How AUKUS fits into complex U.S. strategy for Pacific
Monday’s announcement of the AUKUS partnership is a “present at the creation” moment for U.S. strategy in the IndoPacific. But despite China’s fears, the agreement isn’t a NATO-style containment pact. It’s the hub of something more flexible and adaptive.
President Joe Biden didn’t discuss China’s growing military power, the obvious motivation for AUKUS, in announcing the pact Monday in San Diego. He was flanked by British Prime Minister Rishi Sunak and Australian Prime Minister Anthony Albanese, with an immense submarine, the USS Missouri, in the background. “This first project is only beginning. More partnerships. More potential. More peace and security in the region lies ahead,” Biden said.

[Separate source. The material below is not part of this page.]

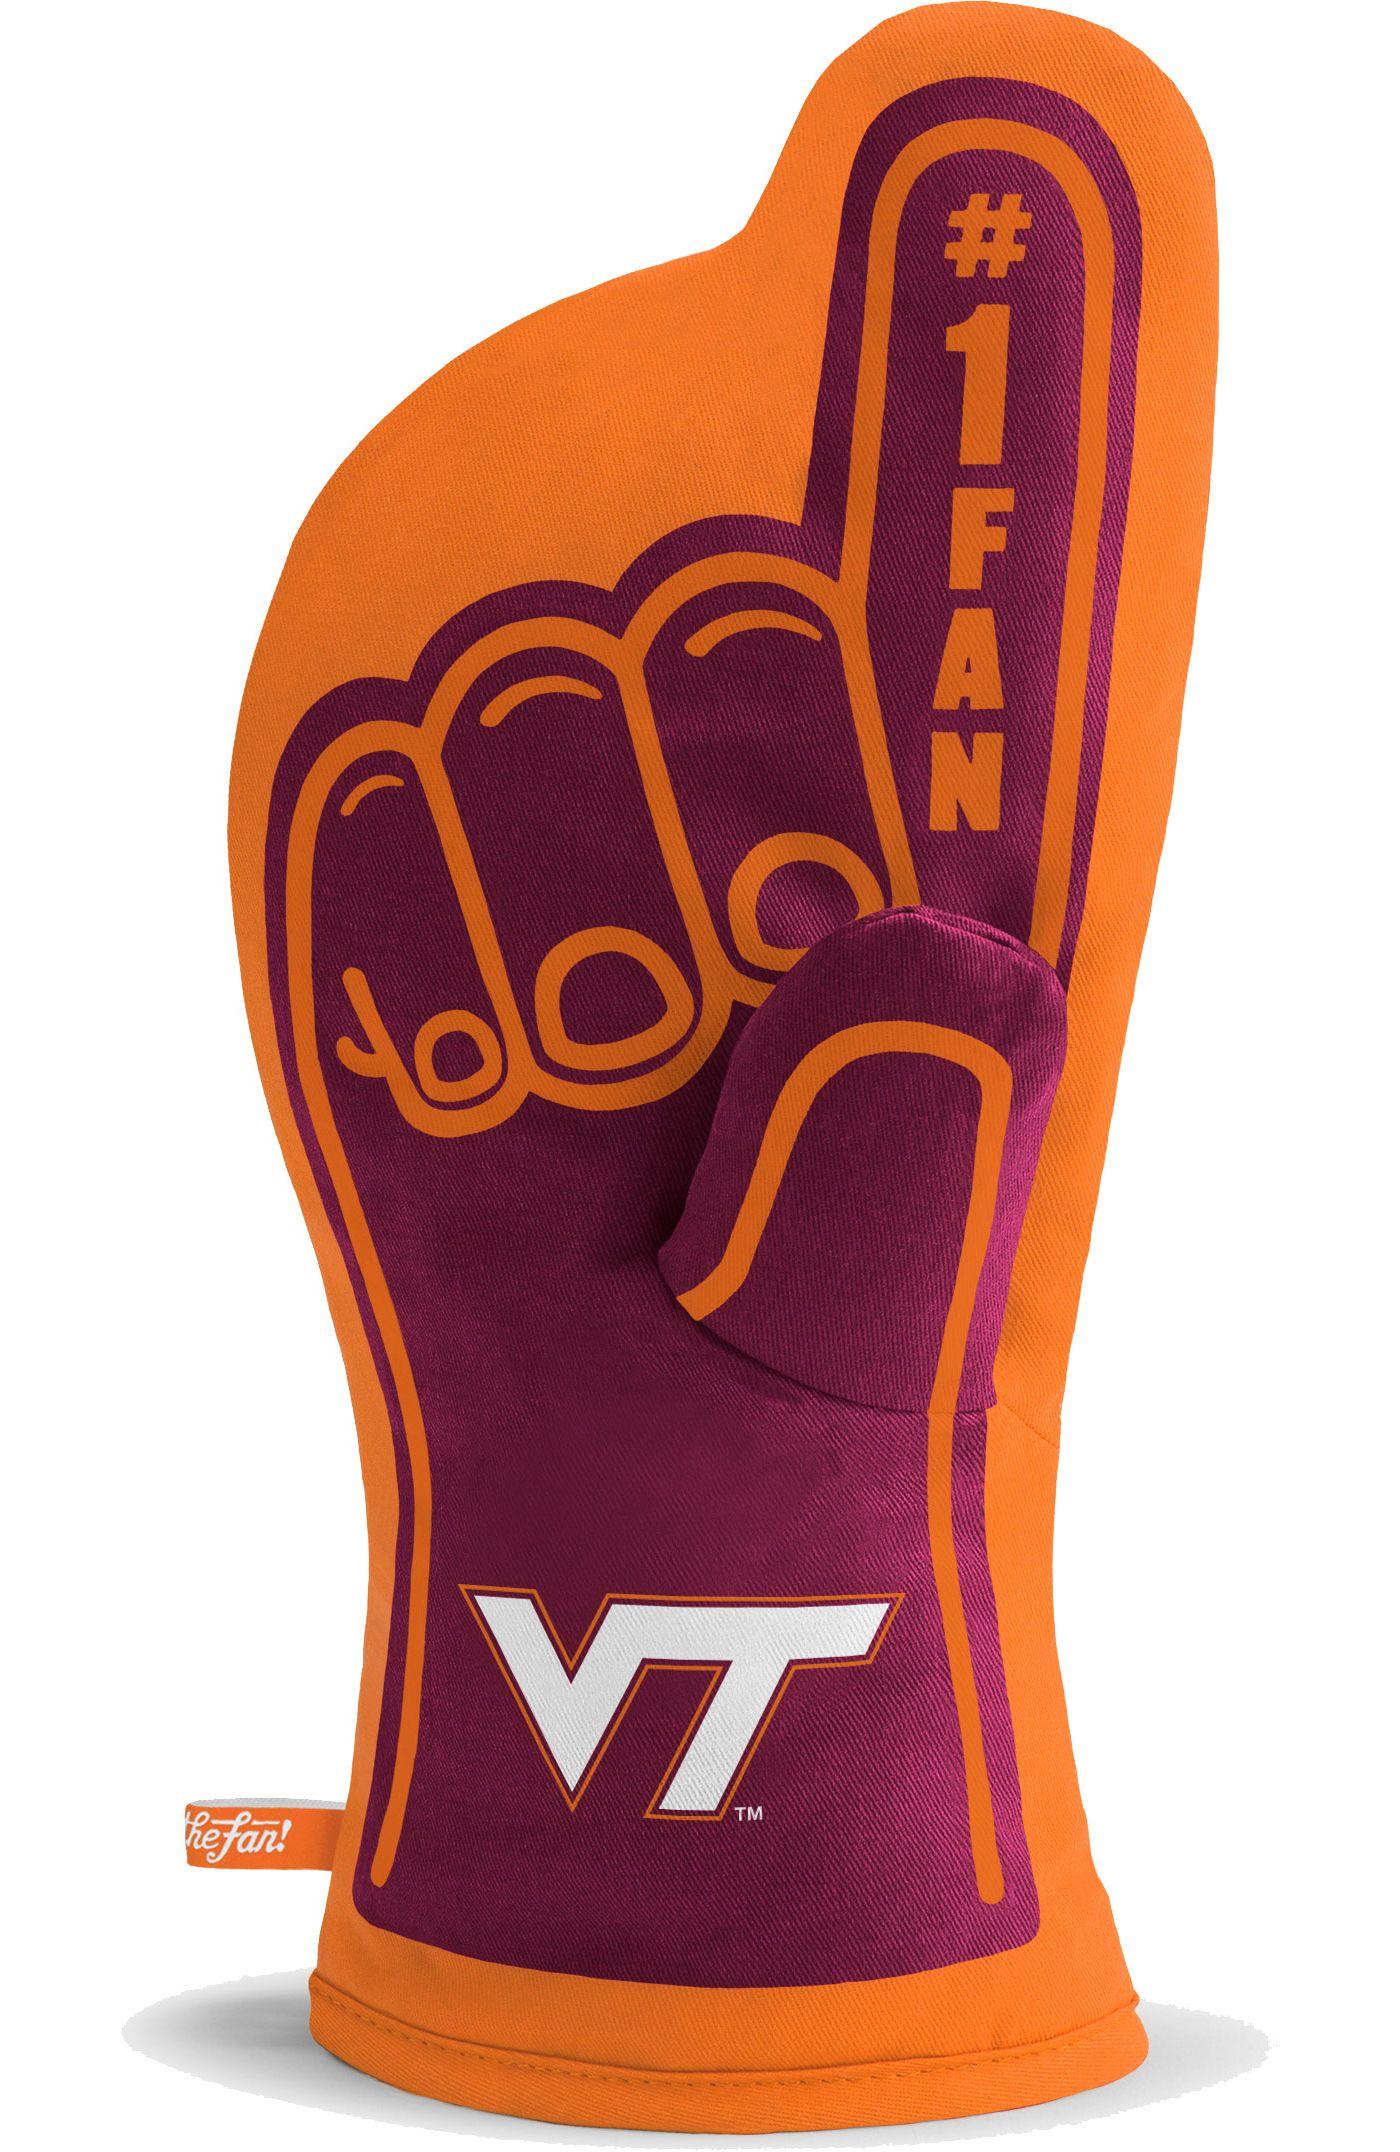 You The Fan Virginia Tech Hokies #1 Oven Mitt
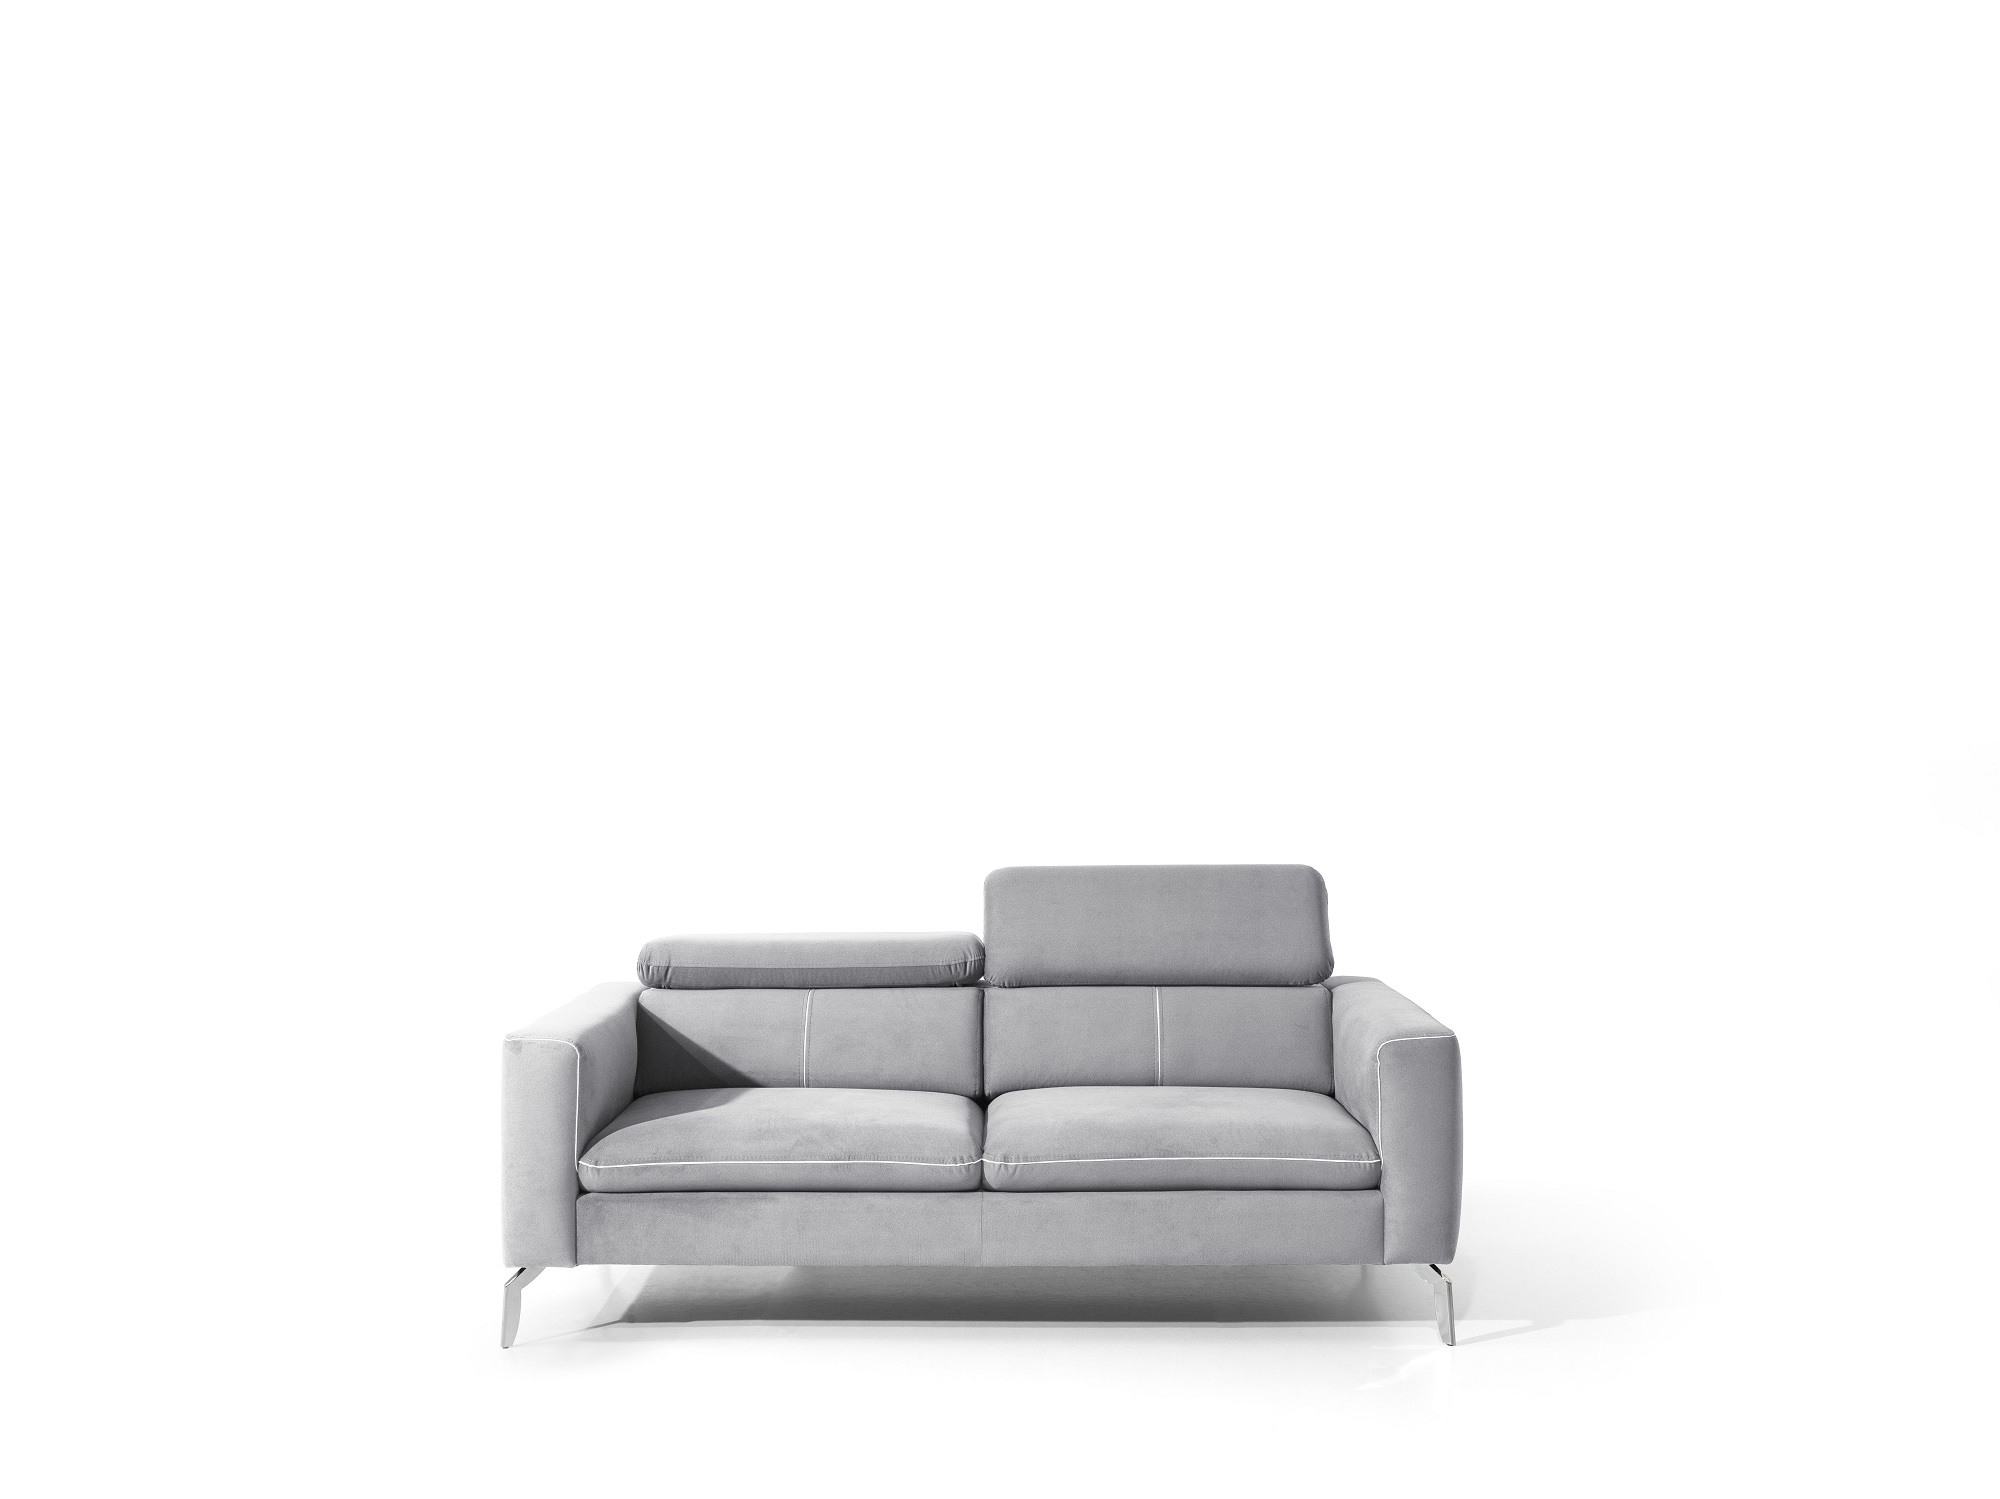 Canapea fixa 2 locuri, tapitata cu Monolith 84, Arezza Gri, l170xA103xH75-95 cm

“We’re not looking to create a NATO in the Indo-Pacific,” national security adviser Jake Sullivan told reporters in describing the submarine-building agreement announced Monday by the three leaders. AUKUS is about sharing defense technology, but it’s also part of a series of overlapping security partnerships in the region.
NATO is a formal treaty alliance with a large number of countries whose actual interdependence has often been less than advertised. Think of a headstrong Turkey or France. America’s emerging strategy for the Indo-Pacific is something different, with a range of coalitions to address various needs. AUKUS is a hard defense alliance, for example, while the Quad partnership of India, Japan, Australia and the United States seeks the soft coalescence of technology and politics.
A way to describe the new U.S. Asia policy is as a kind of “zone defense” - a web that links different groups of countries that all worry about China. At the center of many of these nodes is Japan, which is becoming America’s most important ally in the region as it embraces rearmament.
Several triangles of power are emerging: The United States is helping Japan mend fences with South Korea and form a strong tripartite security relationship. Japan is helping the United States improve relations with the Philippines, a country that had been leaning toward China but got tired of being muscled by Beijing. Similar relationships are evolving to connect the United States and Japan with such swing states as Vietnam and Indonesia.
The strategy, to be sure, focuses on China. But it’s not a wall of containment so much as an interdependent net.
AUKUS matters partly because it brings Britain, a European power, into America’s longterm defense plans for Asia.
The United States will share sensitive nuclear technology to provide attack submarines for Australia and augment Britain’s fleet. Britain will receive its first AUKUS subs in the late 2030s, and Australia will get them in the 2040s, Sullivan said. In the meantime, America will provide Australia with up to five U.S. nuclear-powered attack subs starting in 2032.
A second “pillar” of AUKUS will involve sharing other advanced defense technologies among the three countries and perhaps other partners, such as Japan.
The missing link in this grand strategy, unfortunately, is economic policy.
The Biden administration has scorned the trade alliance known as the Trans-Pacific Partnership, but it hasn’t come up with anything powerful to replace it. Until he demonstrates that he’s willing to defy political resistance to trade in the Democratic Party — and show Asian partners that U.S. markets will remain open to their exports — some of the benefits of the new strategy for the region will be blunted.
The Biden administration is understandably celebrating its strategic initiative for Asia. But before popping the champagne corks, it should recall Dean Acheson’s description in his memoir of the launch of the North Atlantic Treaty in 1949.
As the signatories were gathering, the Marine Band “added an unexpected note of realism” by playing two songs from “Porgy and Bess,” the Broadway musical: “I Got Plenty of Nothin’” and “It Ain’t Necessarily So.”